All at once she saw Memnon looking at her. With her eyes more accustomed to the curious lighting, she could see that his were very deeply set. They looked at her from overarching caves of bone. She could see heavy eyebrows blurring the arch. And then she could only see his eyes. She thought they were dark. He said in a deep, whispering voice,

“Give me your hand-both hands.”

Lois Latter hesitated. The voice was a whispering bass. It set up curious reverberations in the room. There was a crystal ball on the table between them. The light from the window struck on one side of it, making it shine like a moon half full. Lois dropped her eyes to it.

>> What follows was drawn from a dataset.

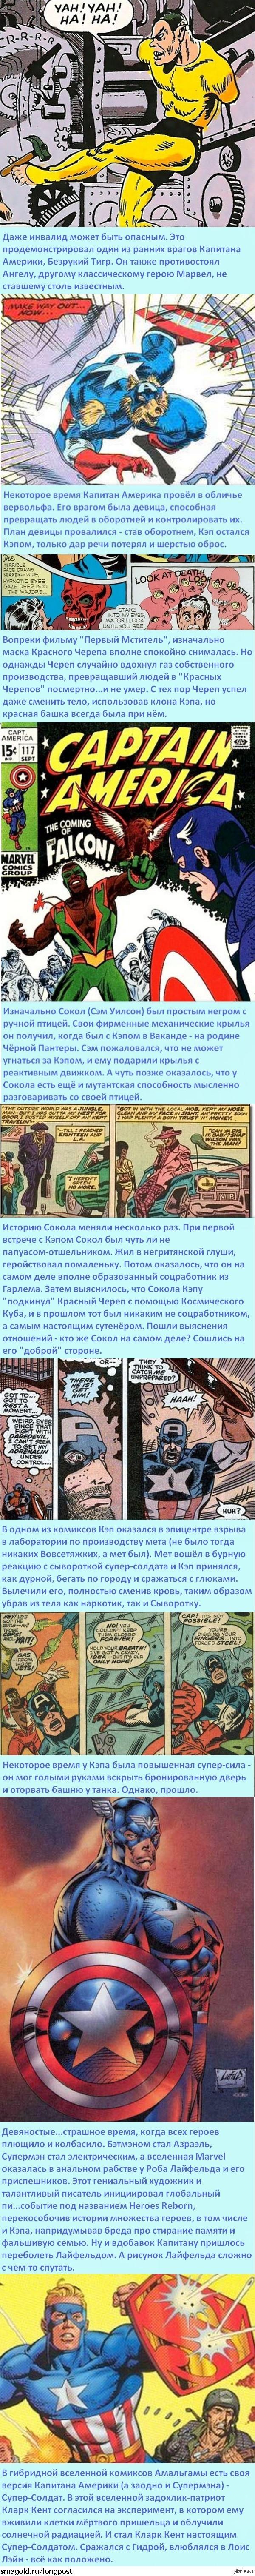 Факты о супергероях: Капитан Америка (часть 2) То, чего нет в фильмах. Боянометр бесится из-за одной-единственной картинки.
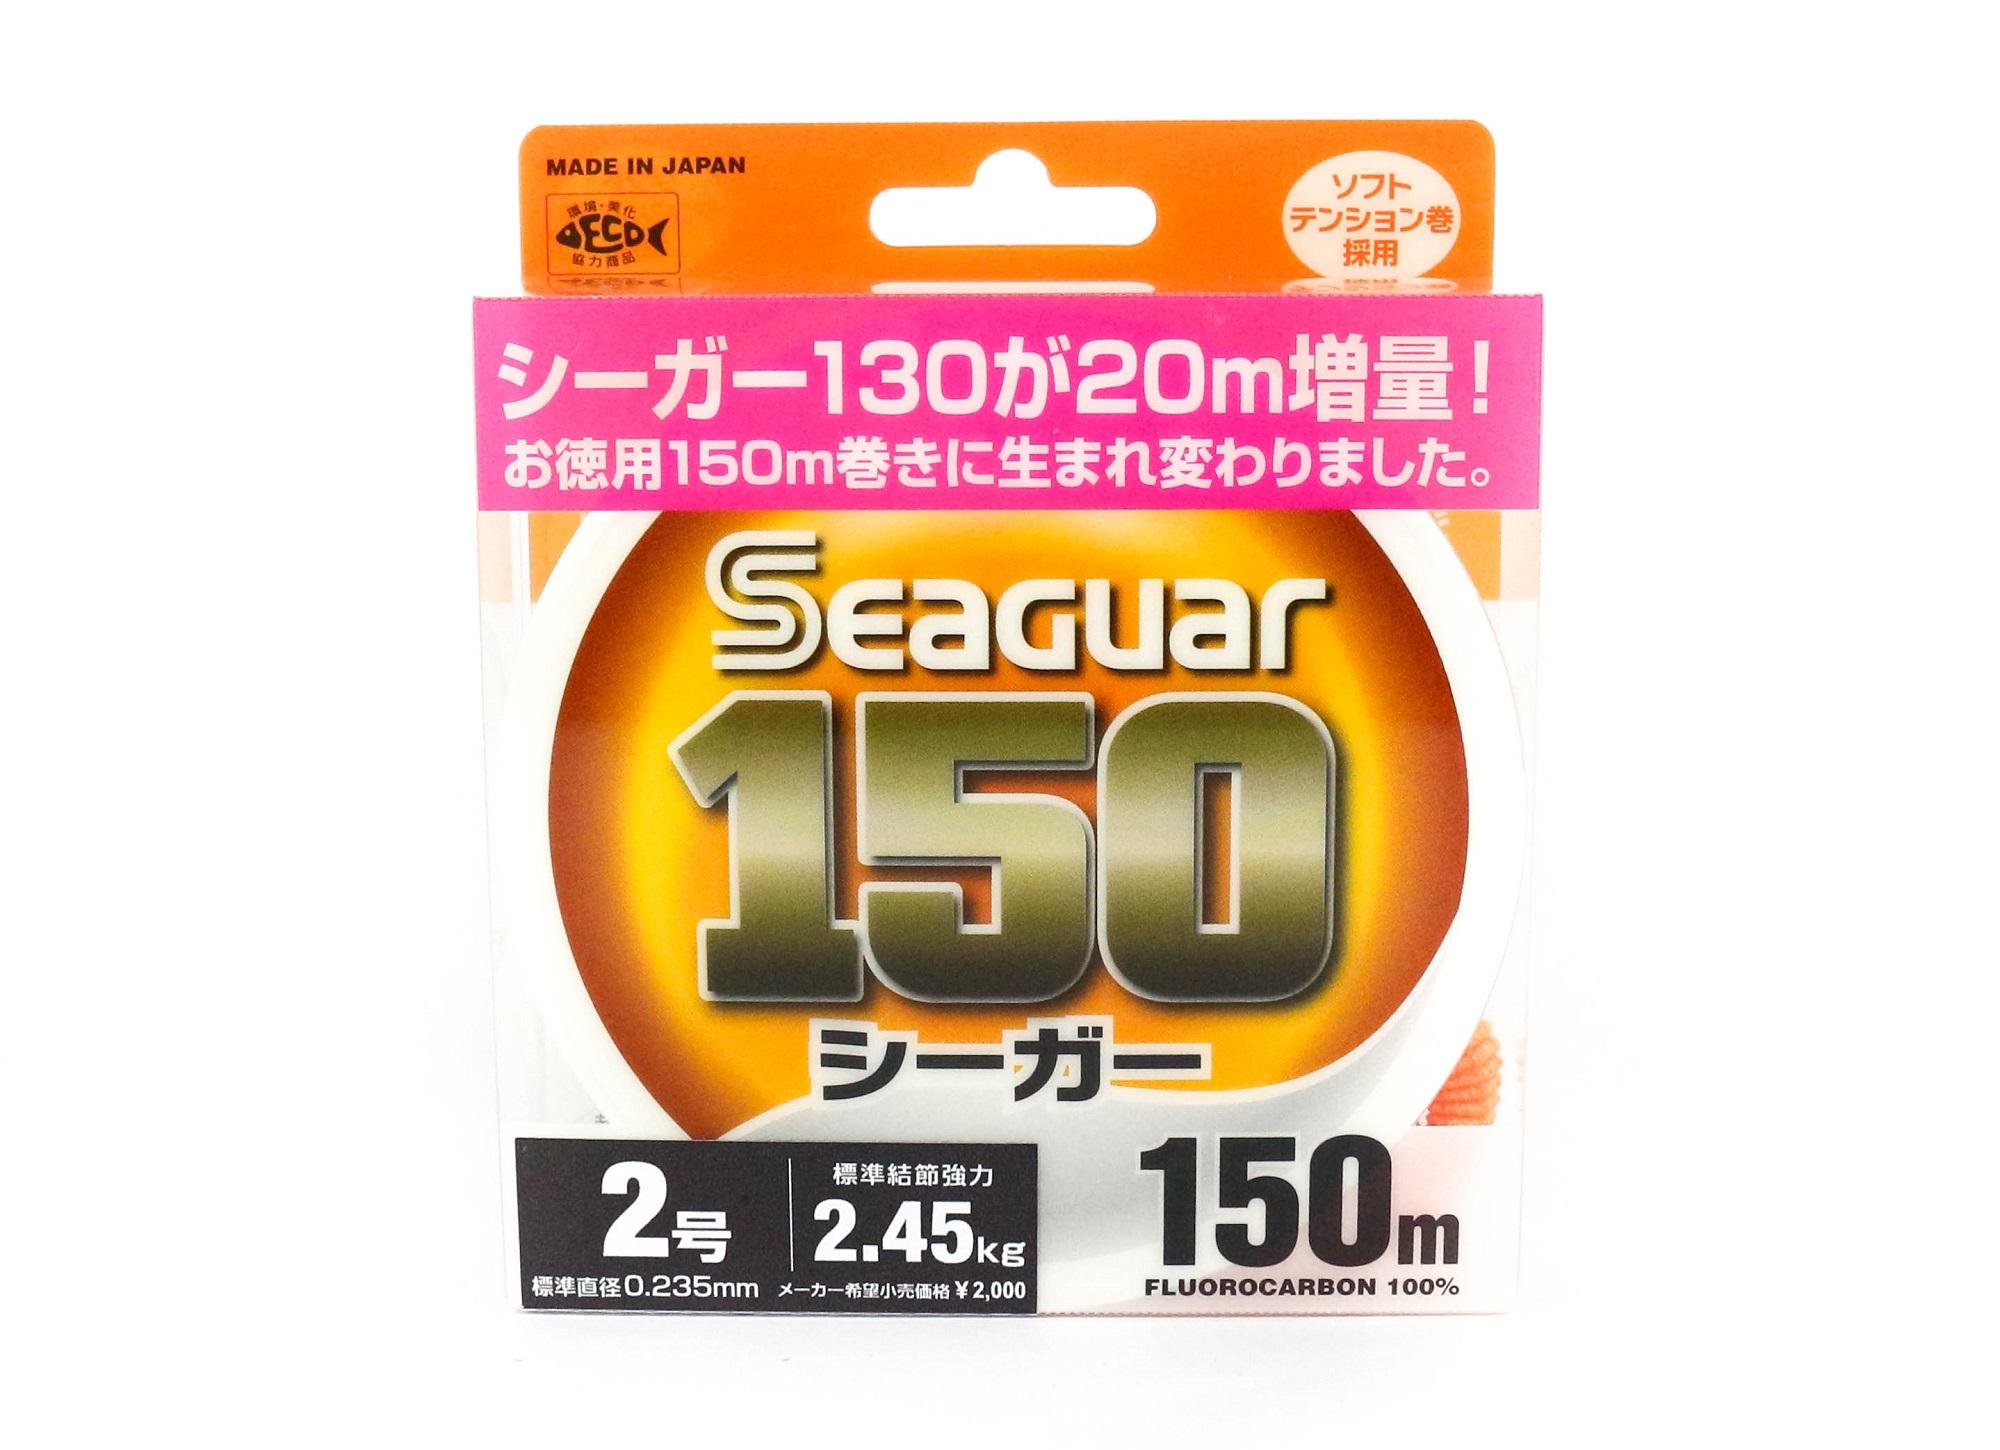 Seaguar 150 150m Fluorocarbon Line 150m Size 2 8lb (0799)

“Don’t you look in the crystal? I thought you did. That’s what I came for.”

He put up a hand and took the crystal away. She didn’t see what happened to it. The half-moon went out. When he moved she thought the drapery of a cloak moved too. The crystal ball had gone. He said in that whispering voice,

“Give me your hands.”

She put them out as if she were pushing something away, and he met them with his own, palm to palm, finger to finger, stiffly upright, like hands conjoined in prayer. His hands and hers. Two pairs of hands. There was a tingling contact. It ran up her arms and down through all her body to her feet. Her breathing quickened. She wanted to speak, to draw away. But for once in her life she didn’t do what she wanted to do.

She sat still and suffered the contact and the tingling. Her eyes were held by his. There was a sense of contact there too, a sense of being probed and searched.

Then all at once it was over. He dropped his lids, withdrew his hands, leaned back, and said,

“You will have to be very careful.”

Something startled her-something in the way he said it, the very deep voice muted to the verge of inaudibility. She lifted her hands from the table and folded them in her lap before she spoke.